BTG Legal recently held a brainstorming session with various general counsels. The participants raised quite a few interesting questions on the nuances of the Digital Personal Data Protection Act, 2023.

Here are a set of FAQs, answering some of these questions.

[Please note that these responses are indicative, and provided for discussion purposes, and should not be treated as legal advice]

1. What is the DPDP, and how will it affect my organisation?

The Digital Personal Data Protection Act, 2023 ("DPDP Act") is the latest legislation governing how organizations will process, retain and protect the digital personal data of individuals. Each organization that collects and processes digital personal data of any individual, including its own employees, will be required to comply with these new regulations. It is important to note that personal data can only be processed with proper consent and for certain outlined legitimate uses.

2. What is personal data?

The DPDP Act defines personal data as "any data about an individual who is identifiable by or in relation to such data". This will include all sorts of personal identification information such as name, address, phone number, Aadhaar, PAN card, Passport, etc.

3. What consent is required for processing personal data? How do I collect it?

Prior to processing any personal data, the DPDP Act requires the consent of every individual whose data you are intending to collect and process. The request for consent must be accompanied by a notice describing the nature and purpose of collecting that data, the manner of exercising the rights of individuals whose data is being collected, and the manner of making complaints to the (proposed) Data Protection Board of India.

4. How do I know if the data that my organization is processing is covered by the DPDP?

The DPDP Act expressly governs personal data in digital form, which relates to any data which enables the identification of an individual. Therefore, if your organisation collects and processes personal identification information of individual, such as their name, address, phone number, Aadhar, PAN card, Passport, etc., they will be covered within this law. Note that even names and email ids of your counterparts at other organisations will trigger this requirement.

5. My organization is only processing data on behalf of others. Does it still need to comply with the DPDP?

The DPDP Act permits the processing of personal data on behalf of others for any activity related to offering of goods or services to individuals whose data is being collected only under a valid contract. As a "data processor", you will need to comply with the technical and organisational safety standards set out by the person you have contracted with. In addition, you should comply with the contract terms under which you have been provided the data set.

6. Are there any exceptions allowed for employment related data collection, etc.?

Yes. The DPDP Act enumerates certain "legitimate uses" under which data can be processed without the express consent of an individual. One such legitimate use is employment-related data collection. As such, if you are an employer seeking personal data for safeguarding yourself from loss or liability such as prevention of corporate espionage and maintenance of confidentiality of trade secrets, you are allowed to collect and process the same under the new law. However, you cannot use this data for unconnected purposes, such as marketing your products!

7. Am I allowed to transfer data outside of India?

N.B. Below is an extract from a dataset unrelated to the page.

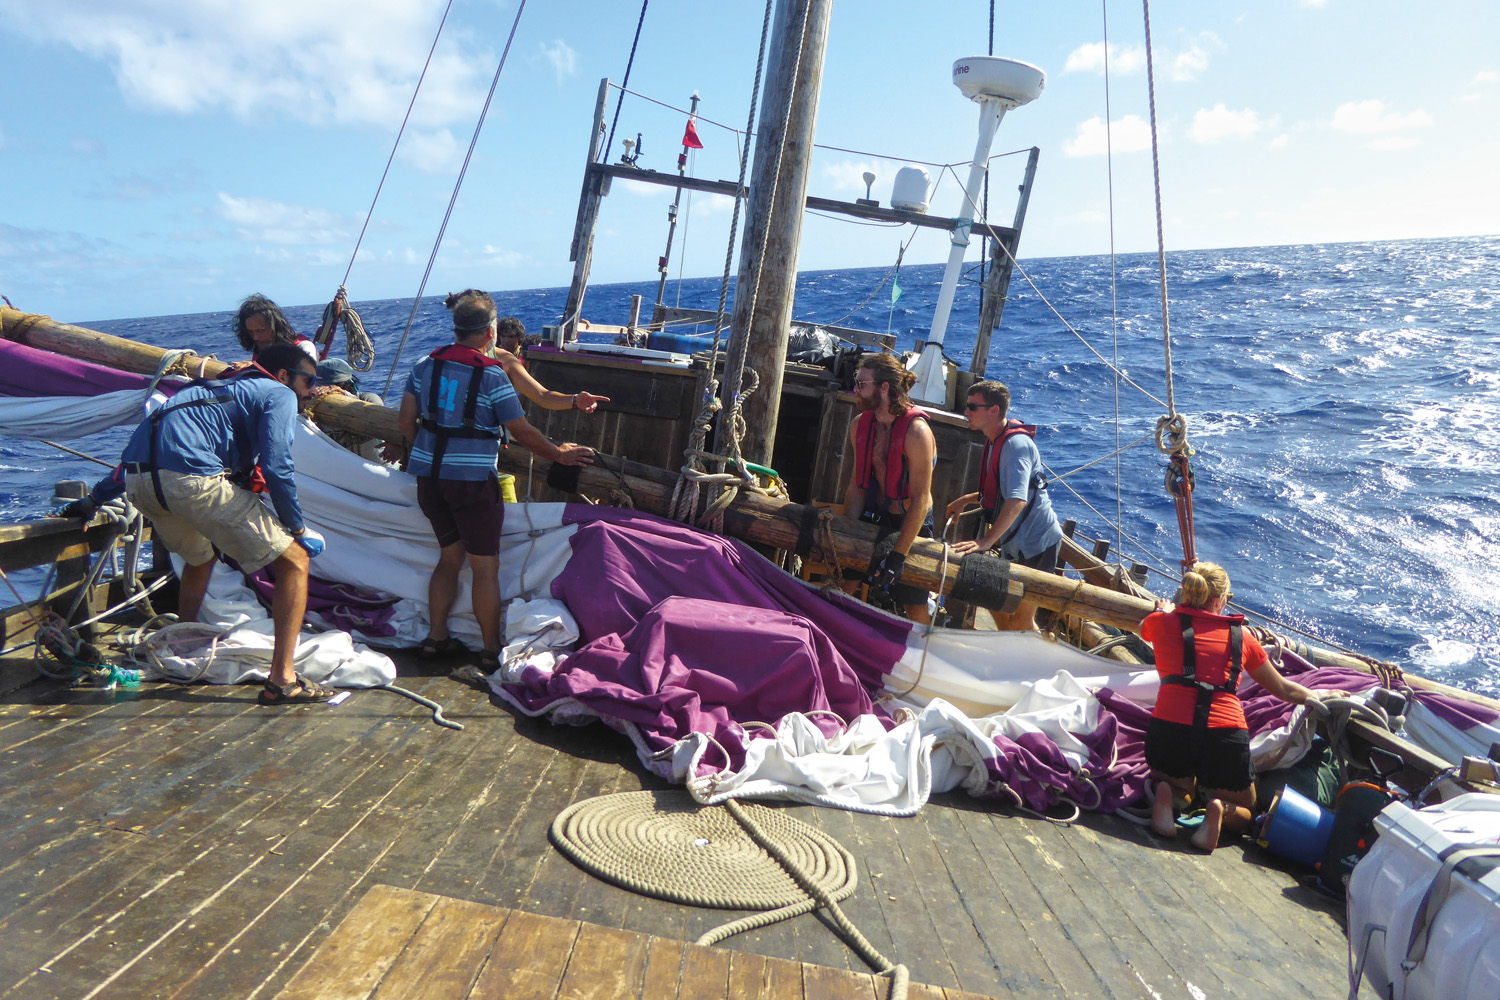 Rocked on Atlantic swells, the crew had to repair two holes in the sail caused by strong winds and replace two ropes that had been snapped off the week before.

Yes, the DPDP Act allows the transfer of data outside the territorial bounds of India. However, under the Act, the Government reserves the right to restrict cross-border transfers to countries that they may notify from time to time (a "Blacklist" mechanism). Also note that the DPDP Act, 2023 does not affect any other sectoral laws restricting transfer of data, for example the Reserve Bank of India's 2018 strictures on payment data.

8. What all can a 'data principal' ask me for in respect of his/her data?

A 'Data Principal' can request you for a summary of their personal data which is being processed by you and the processing activities undertaken by you with respect to such personal data. Data Principals can also request you for the identities of all other Data Fiduciaries and Data Processors with whom you have shared the personal data, along with a description of the personal data so shared. Note that you have to put in place a grievance redressal mechanism that facilitates this.

9. Does the DPDP deal with encryption?

Not expressly, though anonymised data is a possible exception from the provisions of the Act. The answer here will depend on the type, nature, and purpose of encryption you are applying.

10. How does the DPDP change an organization's response to personal data breaches?

In case of personal data breaches, the DPDP Act requires Data Fiduciaries to intimate the Data Protection Board of India as well as each affected individual intimation of such breach. The manner and timeline of the same, however, will be prescribed in the coming months in Rules. Again, note that your reporting obligations under other laws do not change, for example the CERT IN Directions.

11. What technical standards are to be implemented now?

At the moment, standards that need to be followed are ISO: 270001, or equivalent. This may change once the Rules are implemented.

12. When is the effective / enforcement date of the new regime. And finally, what penalties can be imposed under the new law.

While the Act has been notified, we understand it will be brought into force in phases over the next 6-12 months.

Thankfully, the DPDP Act, 2023 only provides for monetary penalties, and not jail time like some earlier drafts. Fines can range upto Indian Rupees 250 crores (about USD 30 million), for egregious and recidivist breaches.

The content of this article is intended to provide a general guide to the subject matter. Specialist advice should be sought about your specific circumstances.